THE PROBLEM. Wherever a picture sits, omit it. Output the rest of the listing exactly.

PROVIDED MATERIAL.

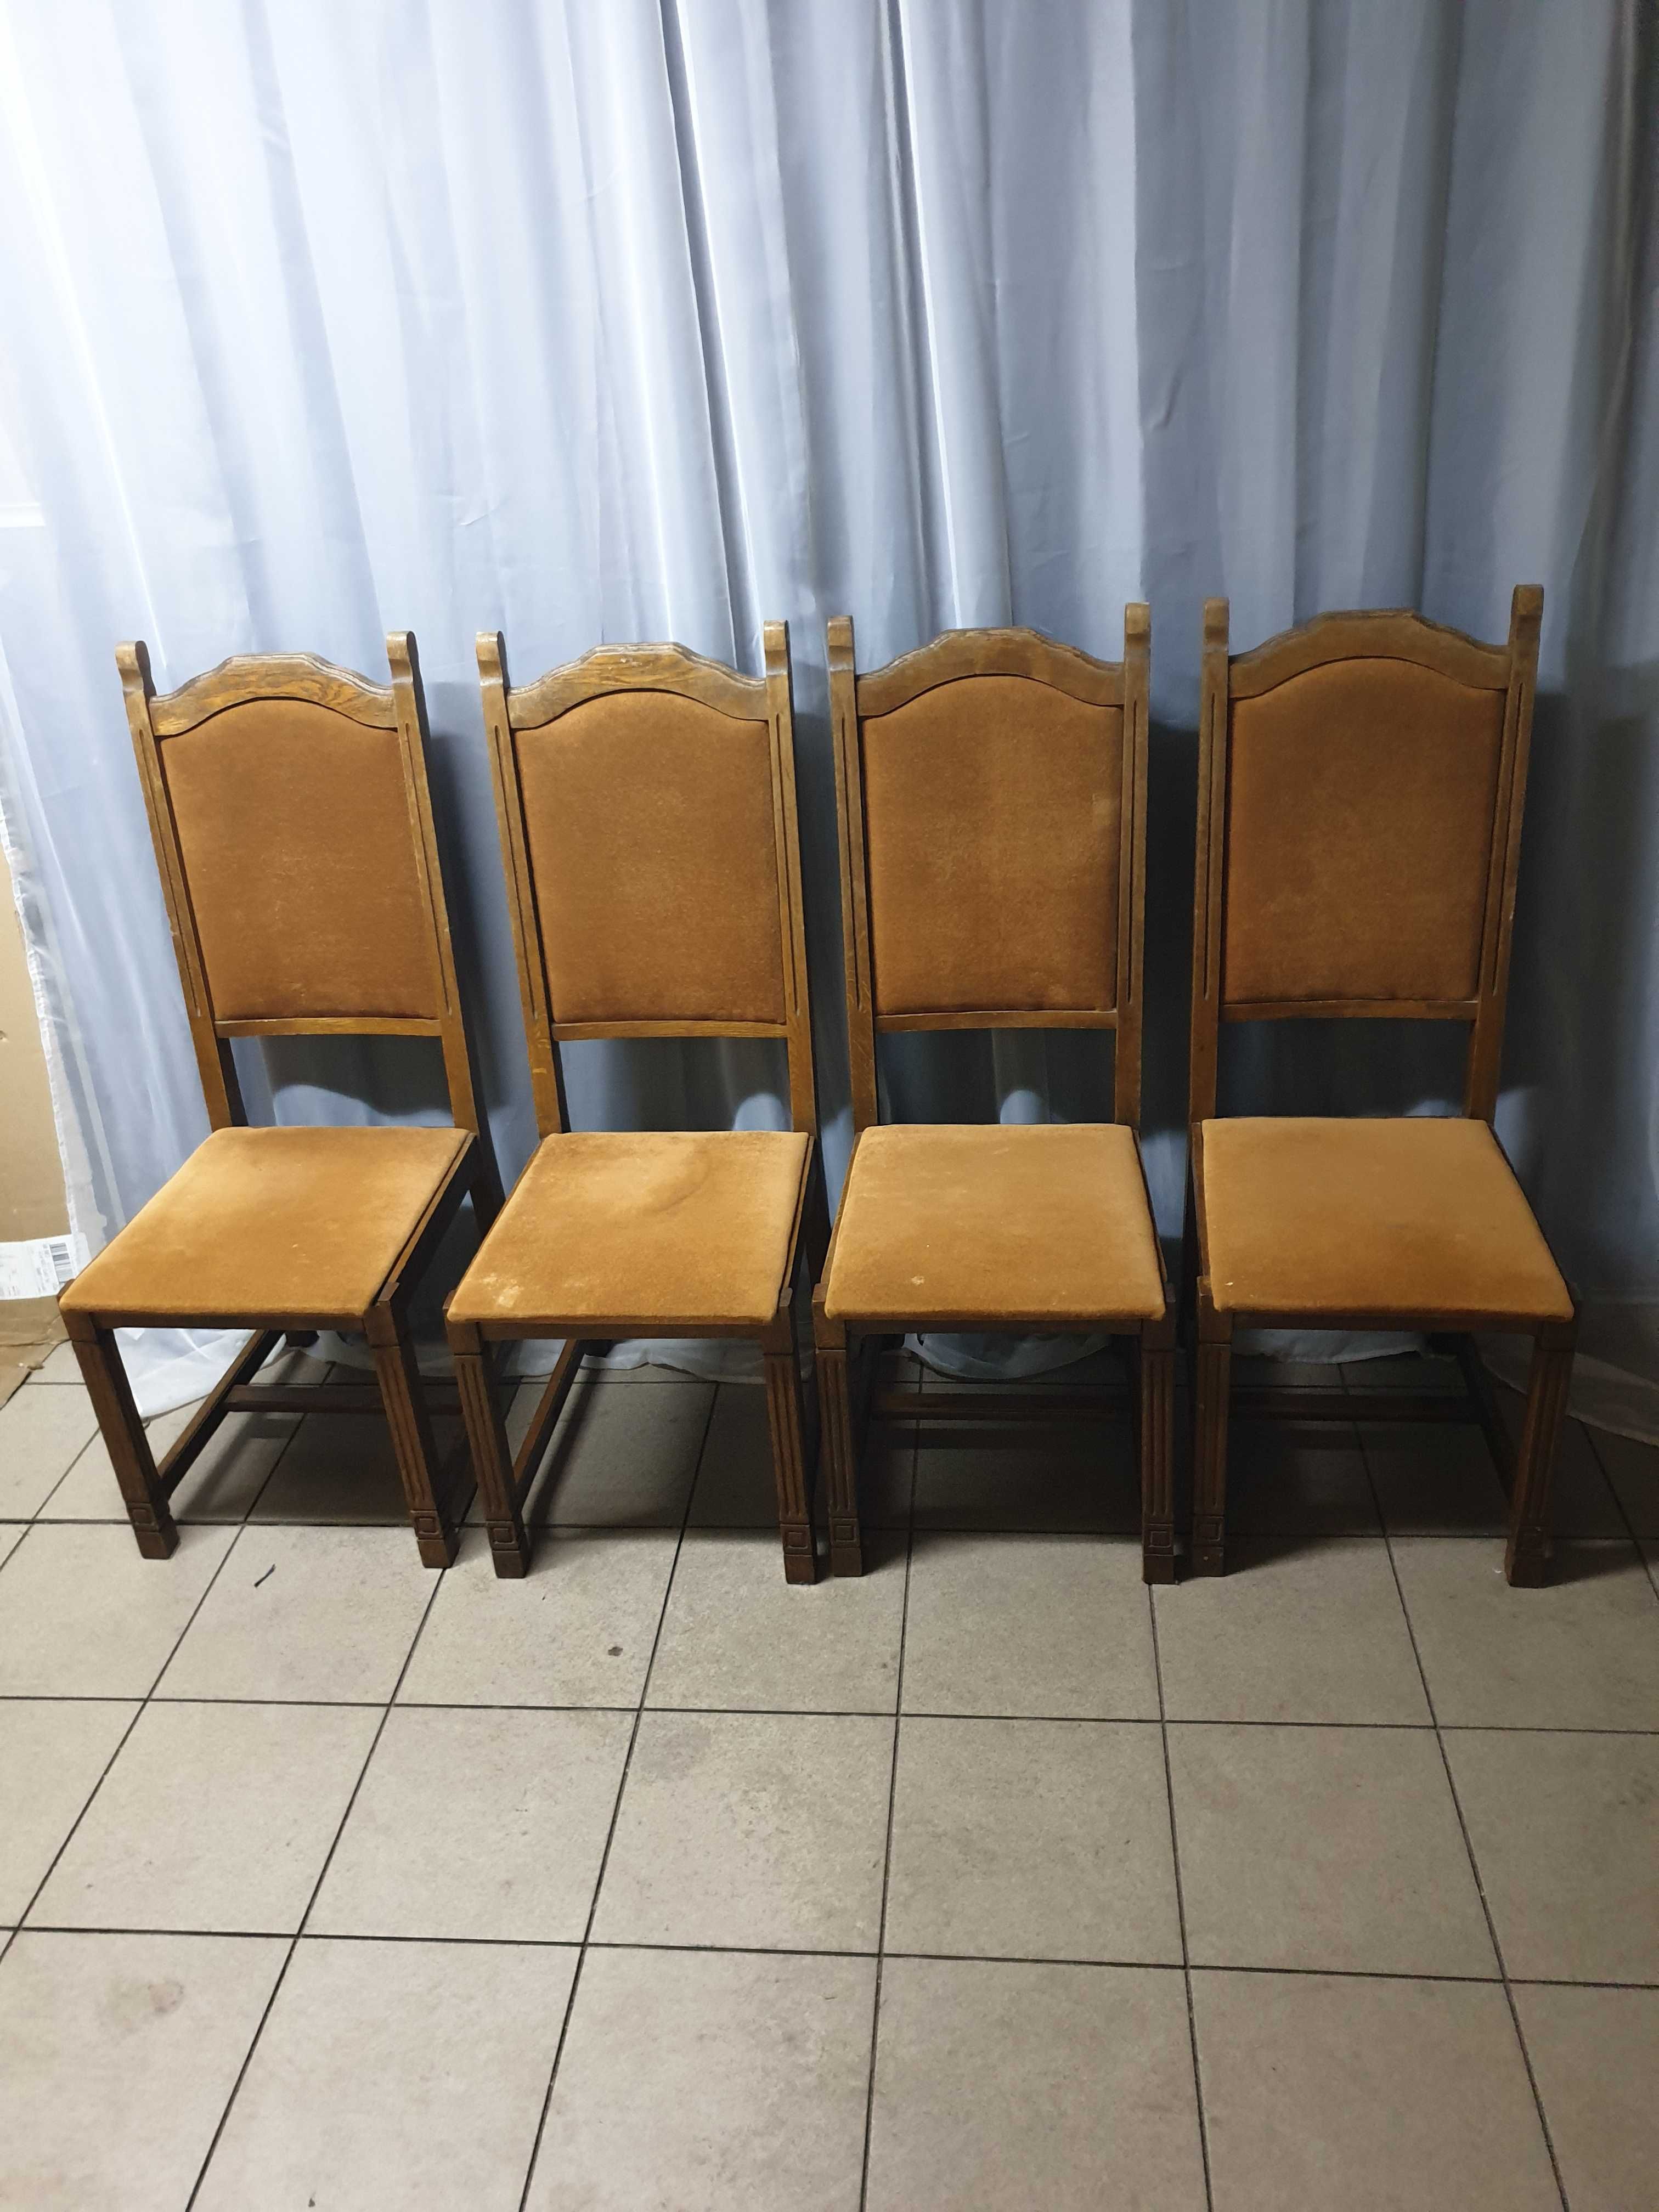 Zestaw stół z krzeslami krzesla stół+krzesla zestaw krzesel
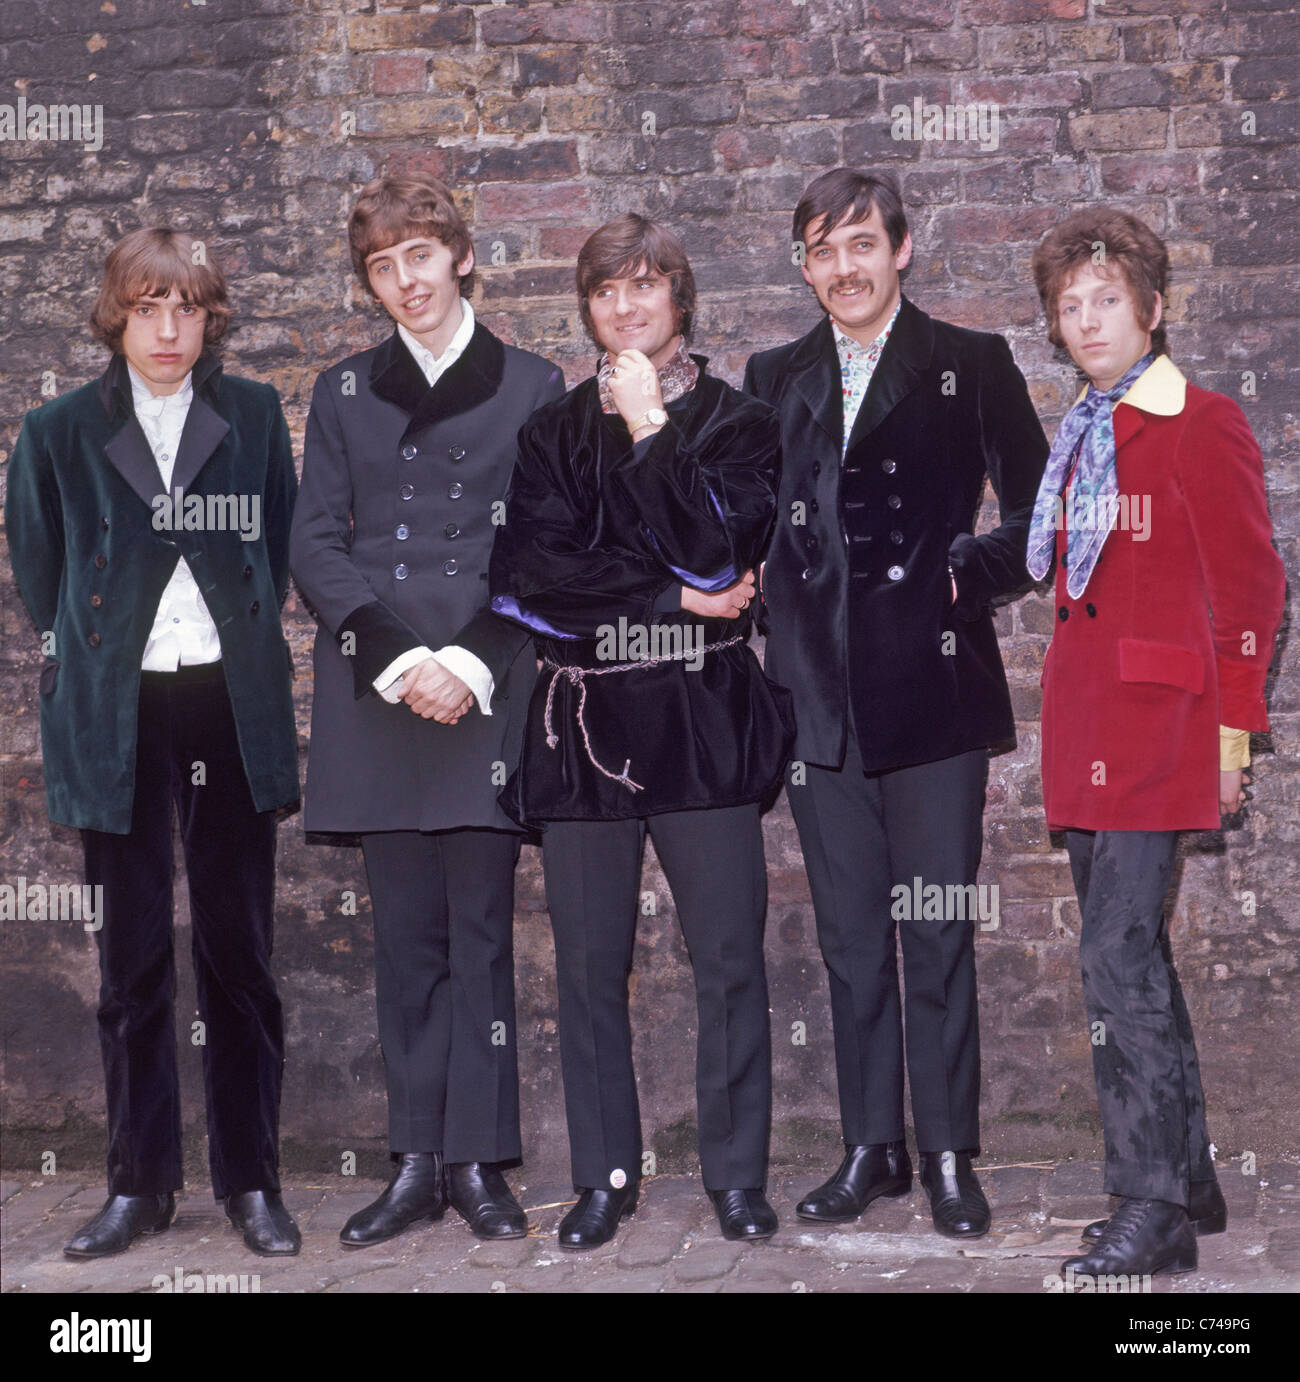 PROCOL HARUM groupe pop britannique en mai 1967, lorsqu'ils ont sorti A Whiter Shade of Pale - noms dans la description ci-dessous. Photo Tony Gale Banque D'Images
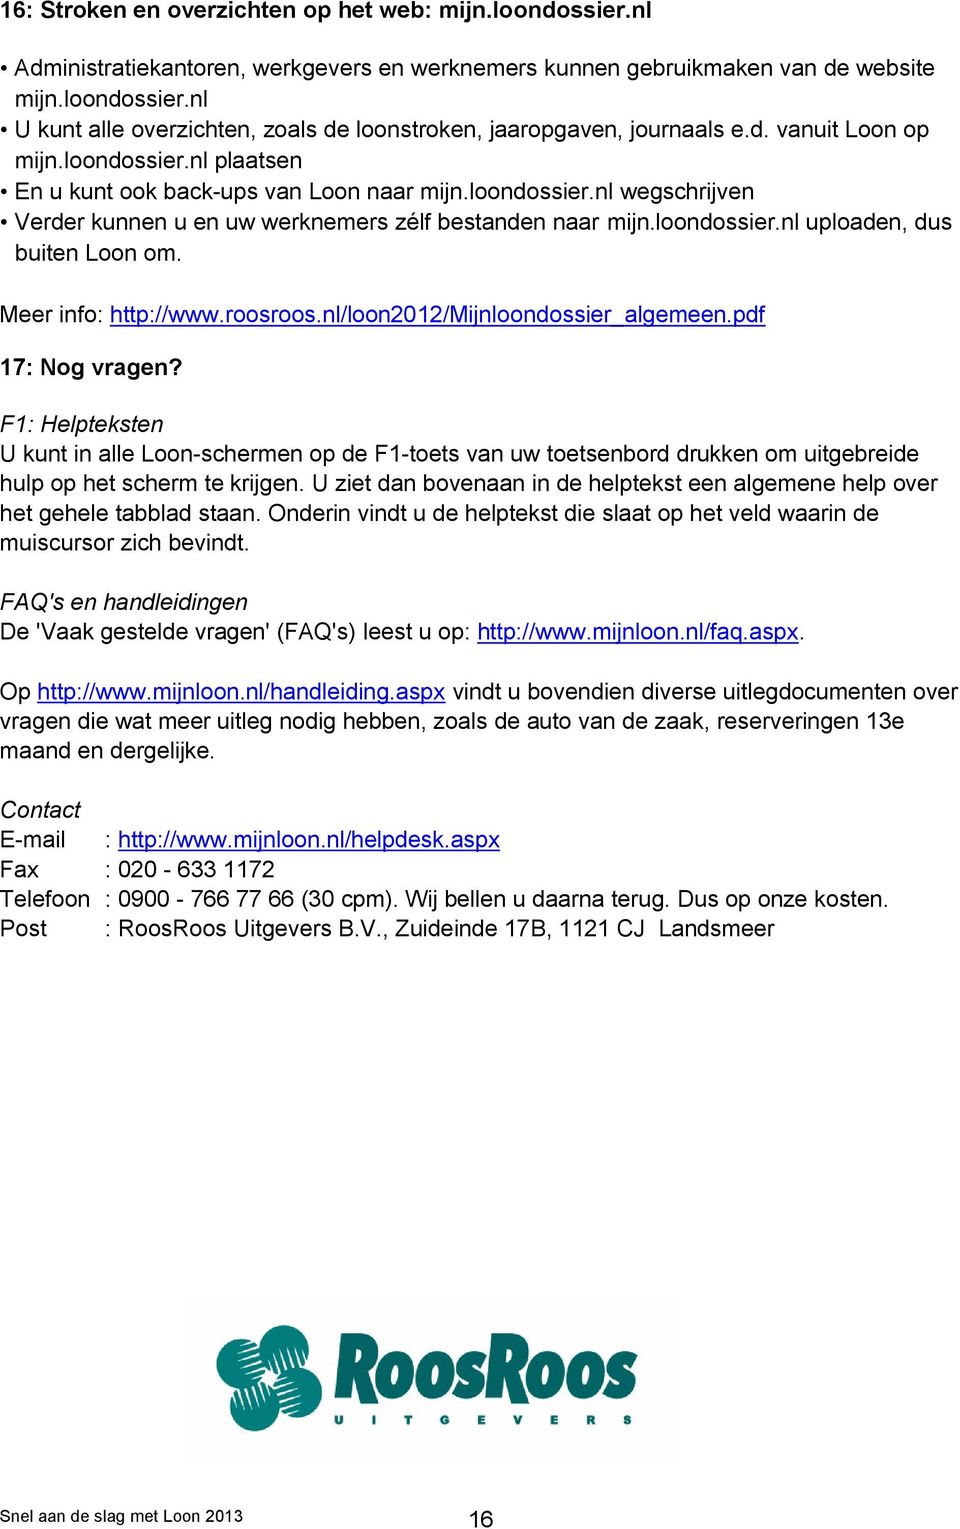 Meer info: http://www.roosroos.nl/loon2012/mijnloondossier_algemeen.pdf 17: Nog vragen?
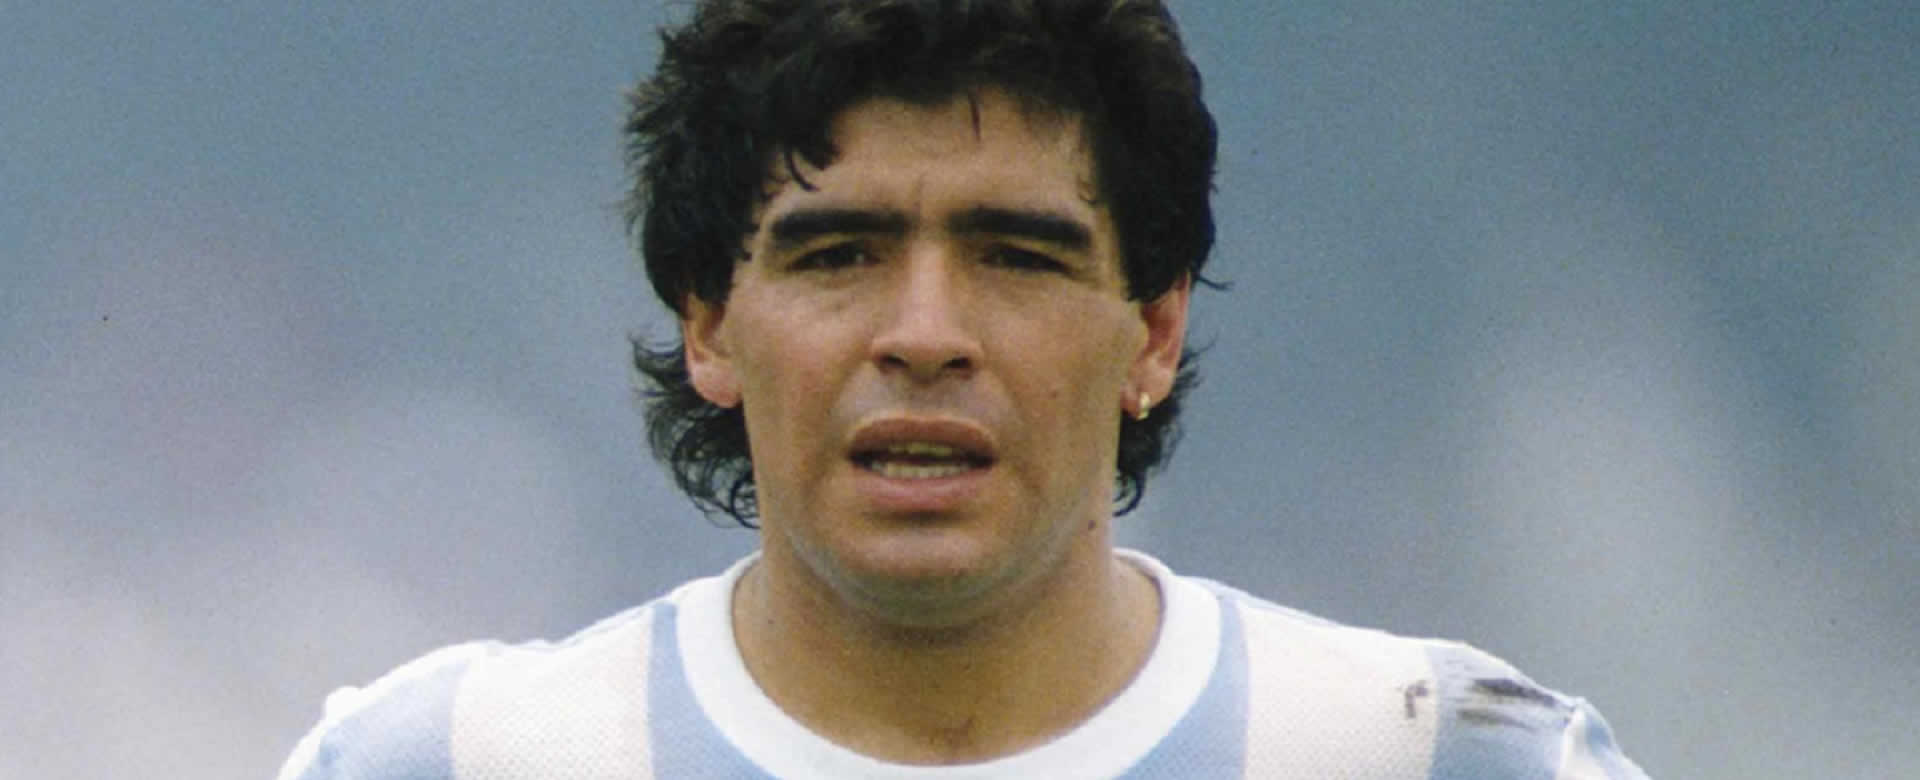 Estado Unido le niega la visa nuevamente a Maradona

RESULT BELOW.
 Zestaw stół z krzeslami krzesla stół+krzesla zestaw krzesel
 PROCOL HARUM groupe pop britannique en mai 1967, lorsqu'ils ont sorti A Whiter Shade of Pale - noms dans la description ci-dessous. Photo Tony Gale Banque D'Images
 Meer info: http://www.roosroos.nl/loon2012/mijnloondossier_algemeen.pdf 17: Nog vragen?
 Estado Unido le niega la visa nuevamente a Maradona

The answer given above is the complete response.